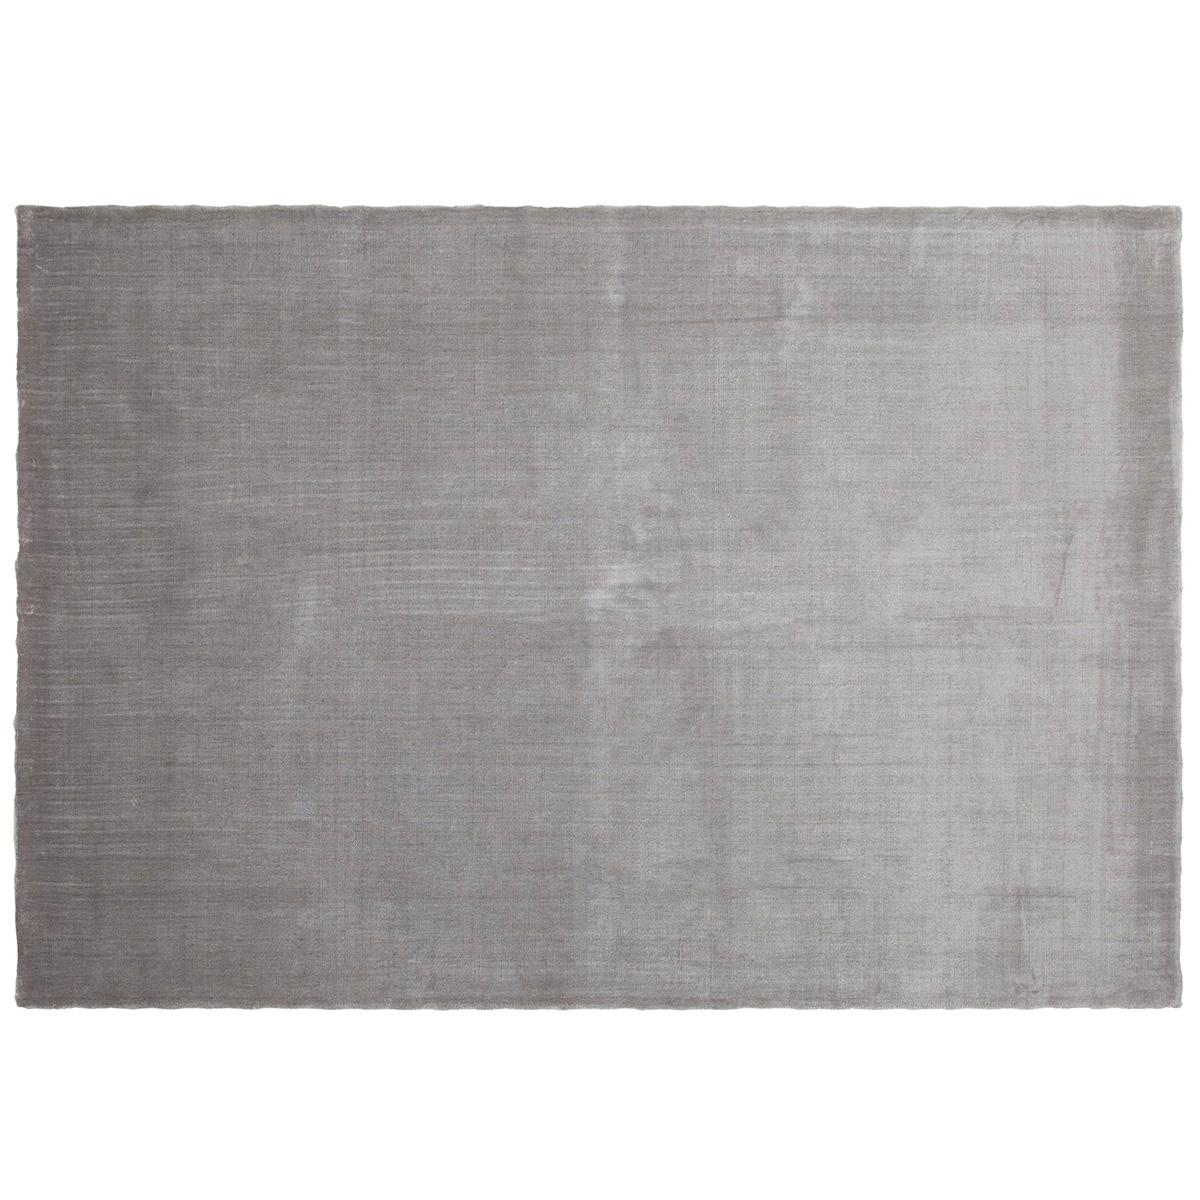 Vloerkleed Brinker Sensation Grey | 200 x 290 cm
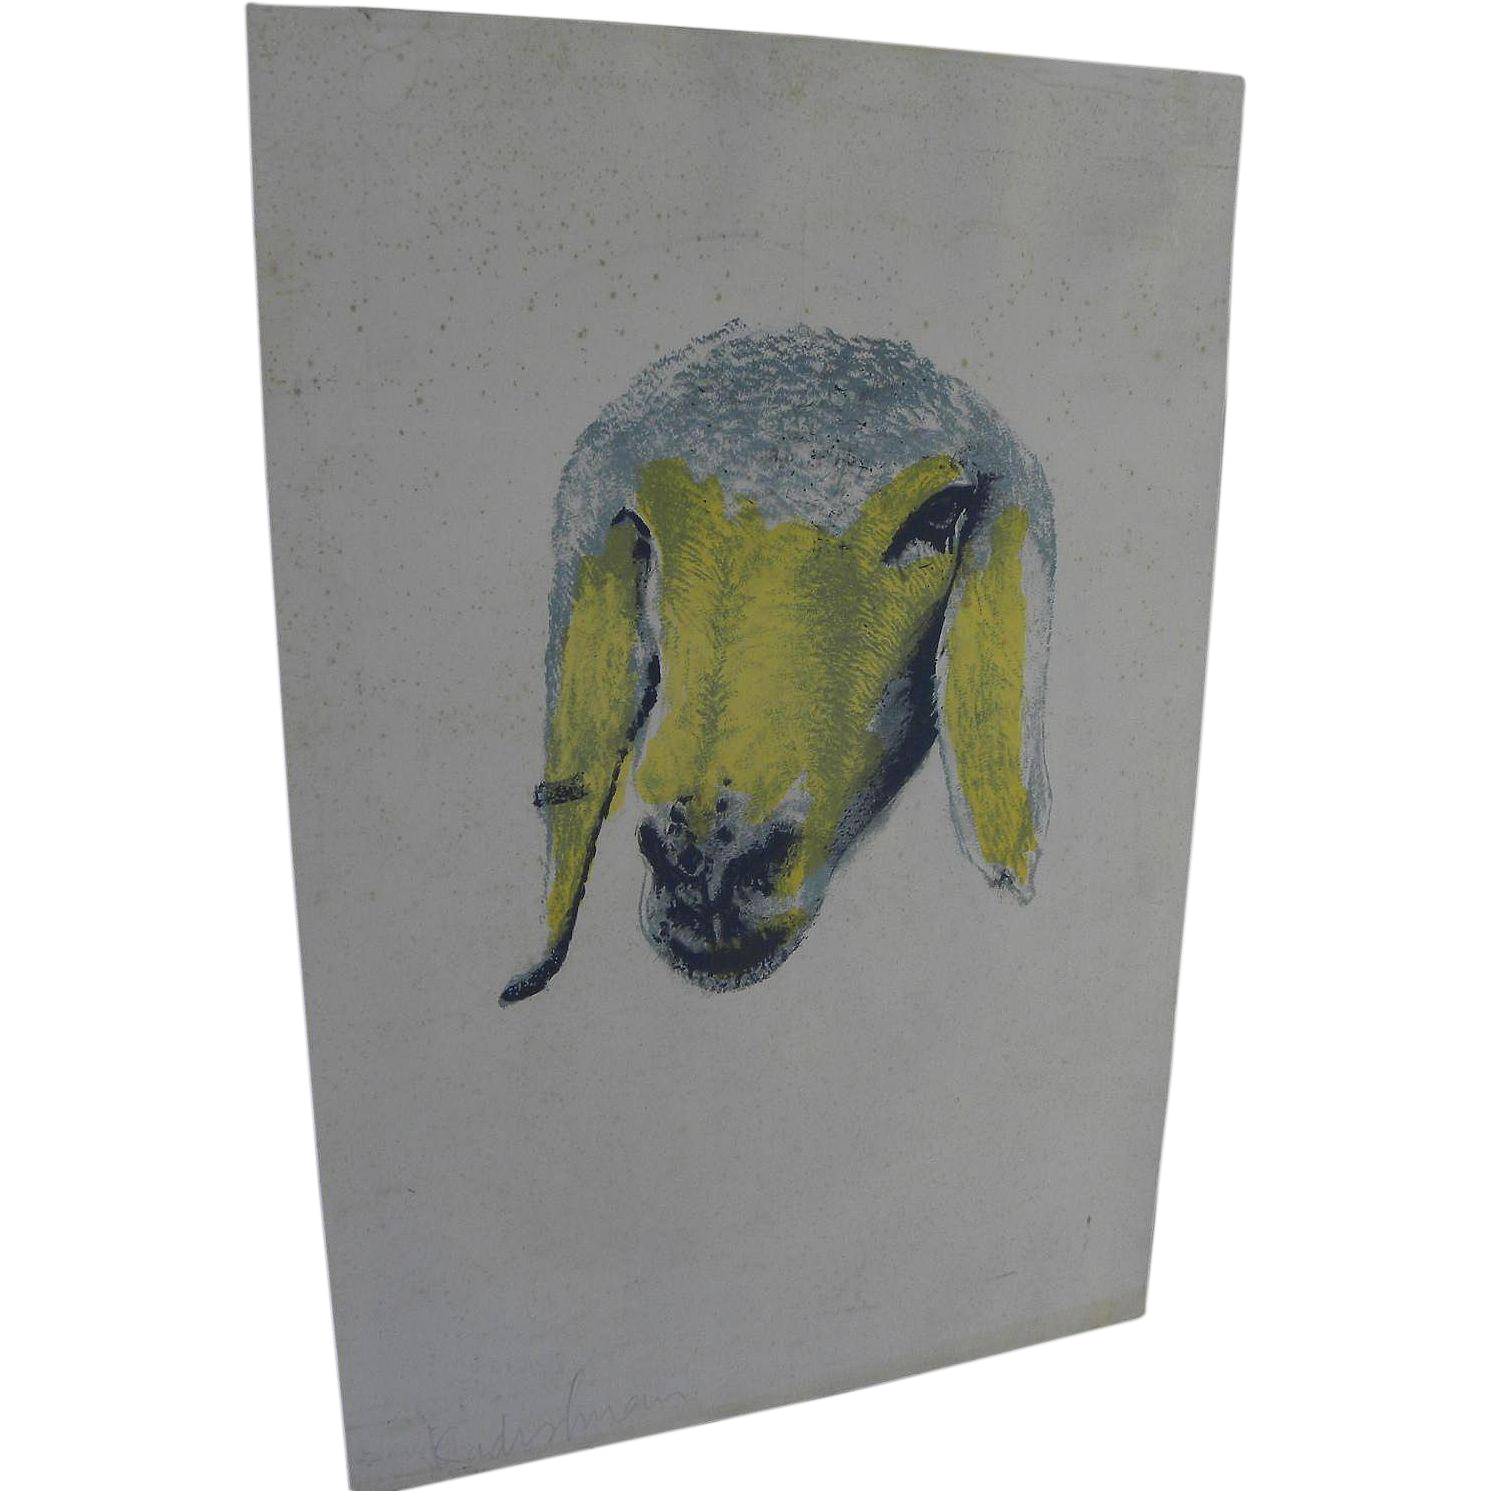 MENASHE KADISHMAN (1932-2015) Israeli art hand signed lithograph print of sheep head by major Jewish artist
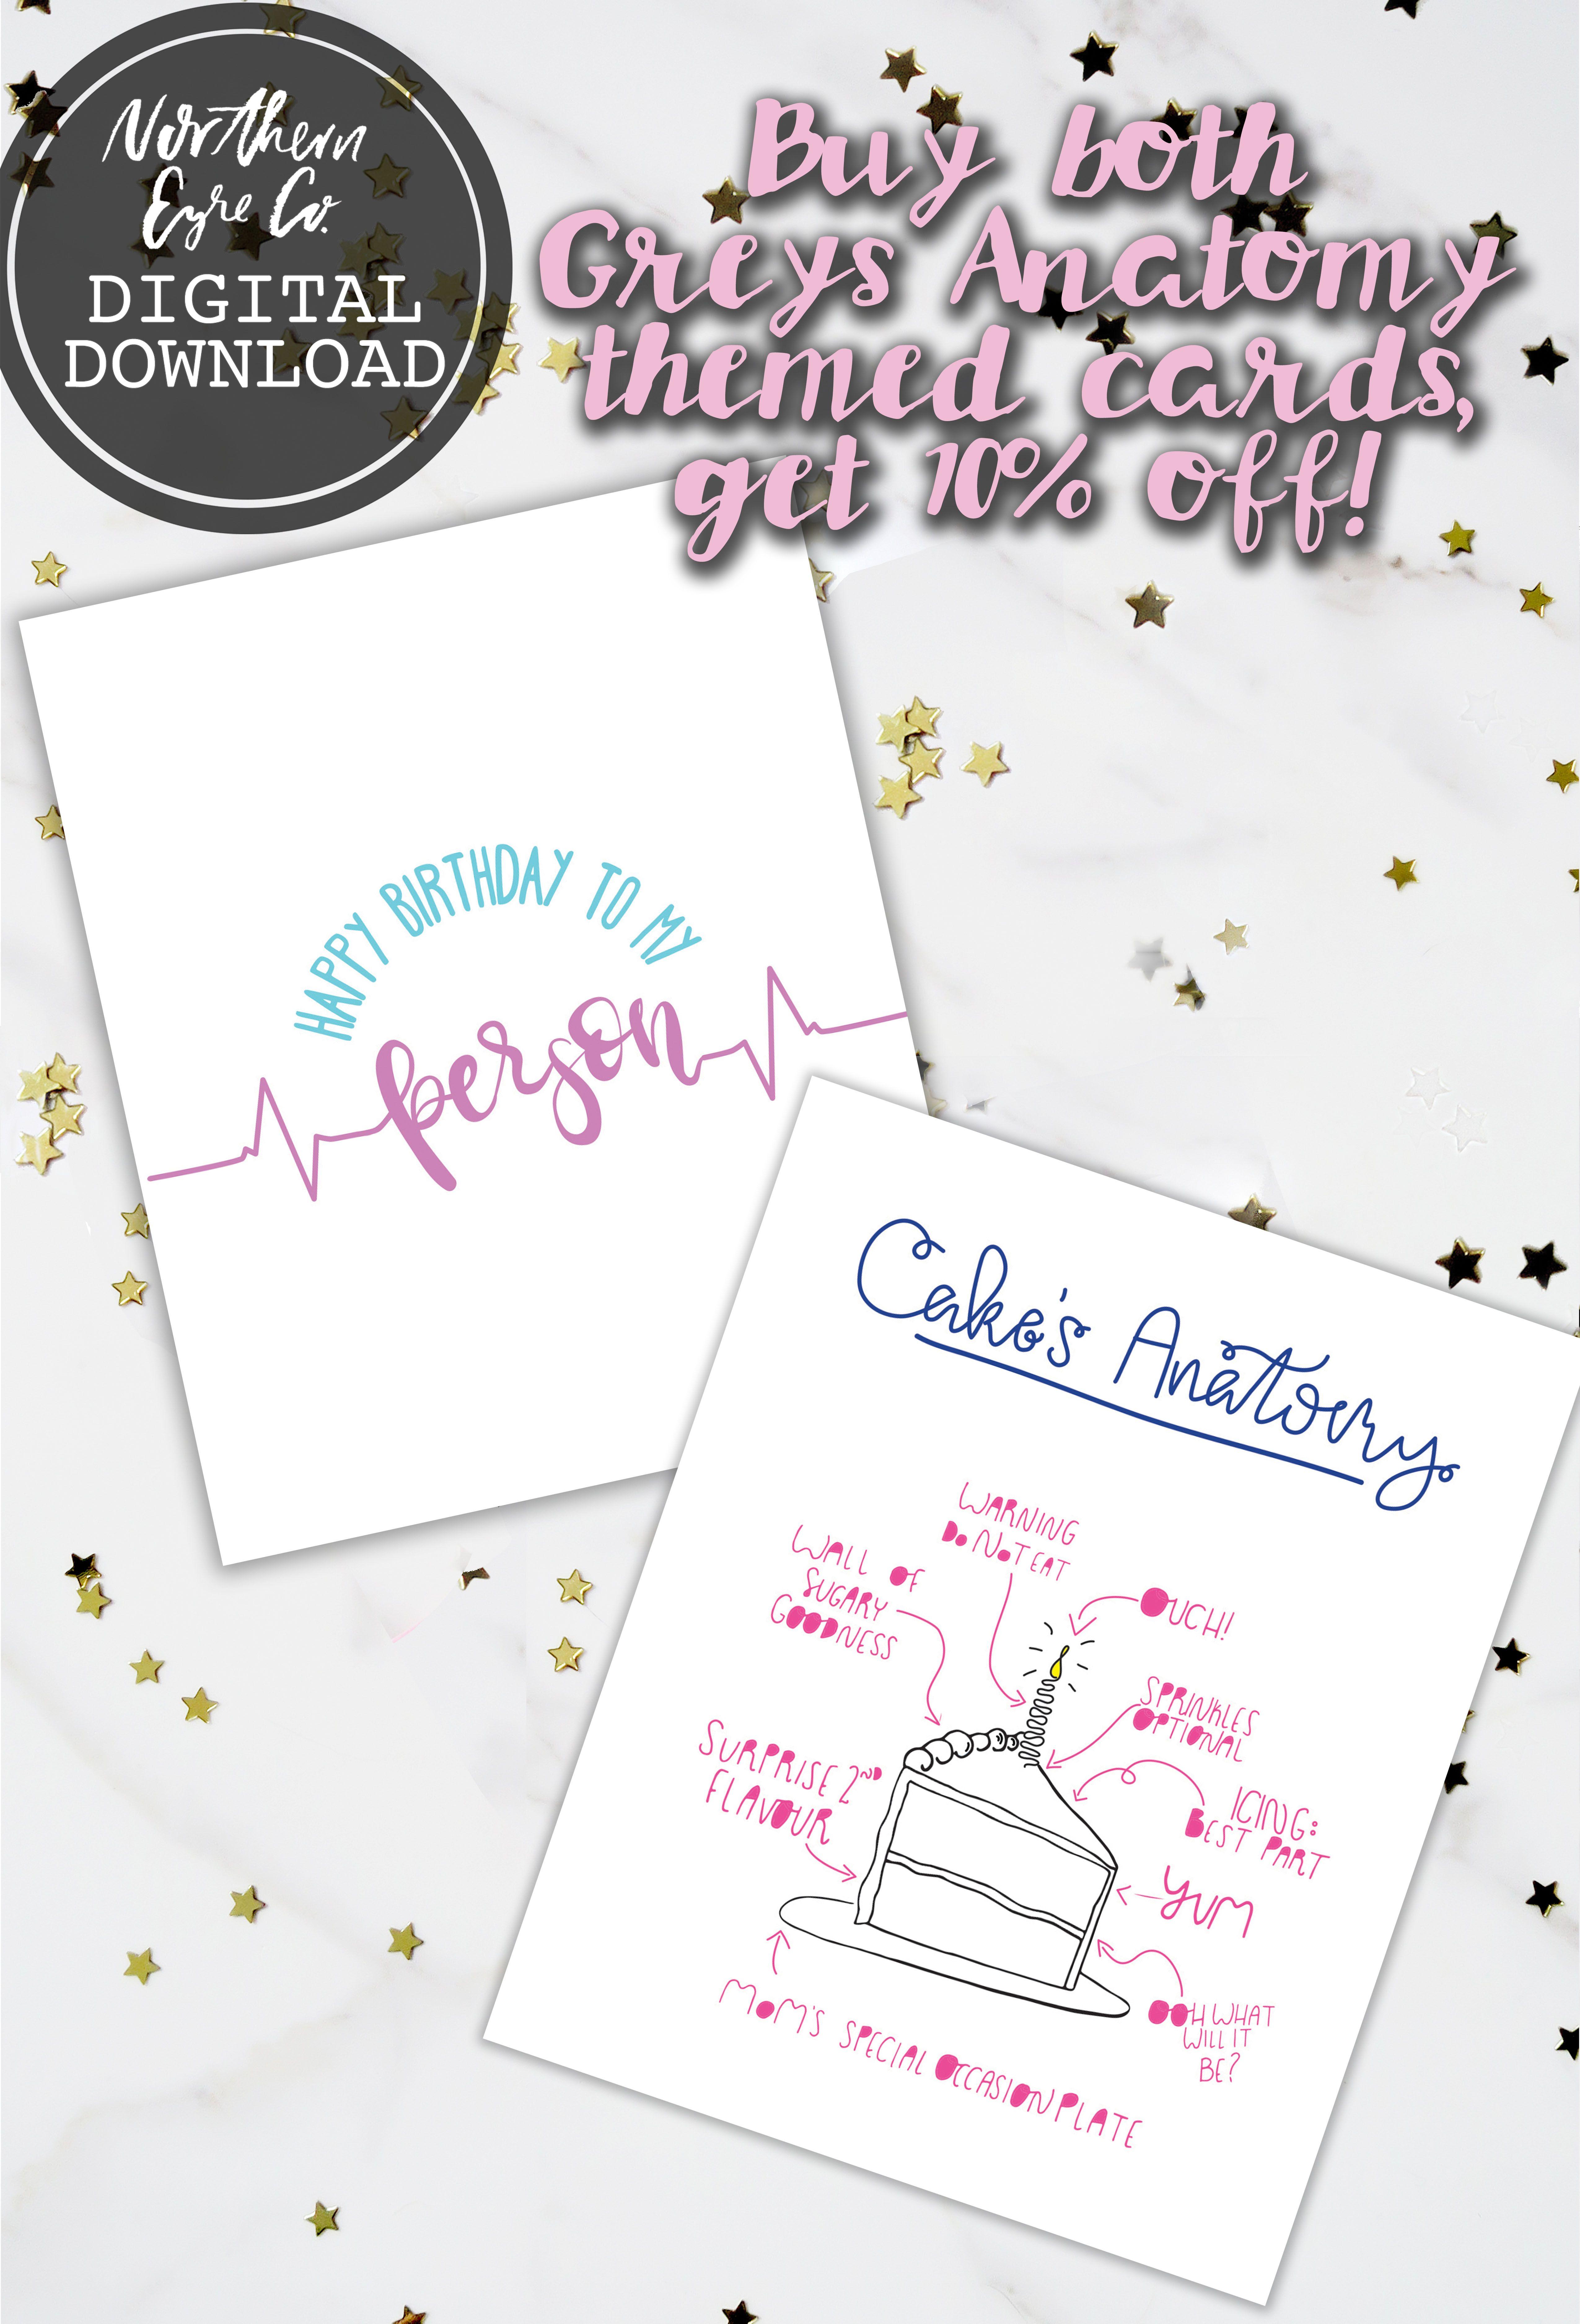 Printable Birthday Card Sale By Northern Eyre Co Etsy Shop Birthdaycards Cake Meredithgrey Greysanatomy Youremyperson

## What this task involves:
Every line above should be repeated exactly; pictures stay out of the copy.

## Response to the exercise:
 Vloerkleed Brinker Sensation Grey | 200 x 290 cm
 MENASHE KADISHMAN (1932-2015) Israeli art hand signed lithograph print of sheep head by major Jewish artist
 Printable Birthday Card Sale By Northern Eyre Co Etsy Shop Birthdaycards Cake Meredithgrey Greysanatomy Youremyperson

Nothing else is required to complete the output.